INFORMATION GIVEN
+---+

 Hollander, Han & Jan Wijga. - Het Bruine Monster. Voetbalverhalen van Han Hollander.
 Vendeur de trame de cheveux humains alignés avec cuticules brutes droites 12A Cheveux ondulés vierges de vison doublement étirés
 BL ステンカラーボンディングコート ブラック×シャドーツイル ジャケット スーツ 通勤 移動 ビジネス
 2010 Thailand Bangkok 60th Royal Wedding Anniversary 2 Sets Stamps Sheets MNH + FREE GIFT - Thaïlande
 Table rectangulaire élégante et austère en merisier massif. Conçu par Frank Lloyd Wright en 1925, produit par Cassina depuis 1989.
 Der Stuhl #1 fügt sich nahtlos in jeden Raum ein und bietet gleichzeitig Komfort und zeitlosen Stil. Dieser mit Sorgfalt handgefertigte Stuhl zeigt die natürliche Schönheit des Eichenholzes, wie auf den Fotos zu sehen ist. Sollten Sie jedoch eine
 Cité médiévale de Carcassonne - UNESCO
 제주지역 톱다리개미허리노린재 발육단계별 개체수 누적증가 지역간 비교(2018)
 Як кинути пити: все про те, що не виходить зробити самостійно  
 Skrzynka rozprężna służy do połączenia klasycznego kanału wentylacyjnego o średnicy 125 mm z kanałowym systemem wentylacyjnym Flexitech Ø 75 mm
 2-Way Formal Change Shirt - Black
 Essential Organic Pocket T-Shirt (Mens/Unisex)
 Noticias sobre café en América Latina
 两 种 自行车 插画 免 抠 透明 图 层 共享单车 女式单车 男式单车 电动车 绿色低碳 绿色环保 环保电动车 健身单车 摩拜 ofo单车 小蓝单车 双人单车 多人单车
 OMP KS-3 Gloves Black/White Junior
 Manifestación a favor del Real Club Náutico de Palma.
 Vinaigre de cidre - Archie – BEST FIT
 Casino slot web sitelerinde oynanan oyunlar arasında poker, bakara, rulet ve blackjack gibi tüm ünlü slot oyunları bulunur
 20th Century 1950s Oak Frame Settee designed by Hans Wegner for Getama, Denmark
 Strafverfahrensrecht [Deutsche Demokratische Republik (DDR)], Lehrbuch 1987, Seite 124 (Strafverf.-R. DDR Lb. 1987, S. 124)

+---+

TASK REQUIREMENTS
Only the lines from the one containing "Casino slot web" through the last line of the material should be returned, each one exactly as written.

RESPONSE AREA
 Casino slot web sitelerinde oynanan oyunlar arasında poker, bakara, rulet ve blackjack gibi tüm ünlü slot oyunları bulunur
 20th Century 1950s Oak Frame Settee designed by Hans Wegner for Getama, Denmark
 Strafverfahrensrecht [Deutsche Demokratische Republik (DDR)], Lehrbuch 1987, Seite 124 (Strafverf.-R. DDR Lb. 1987, S. 124)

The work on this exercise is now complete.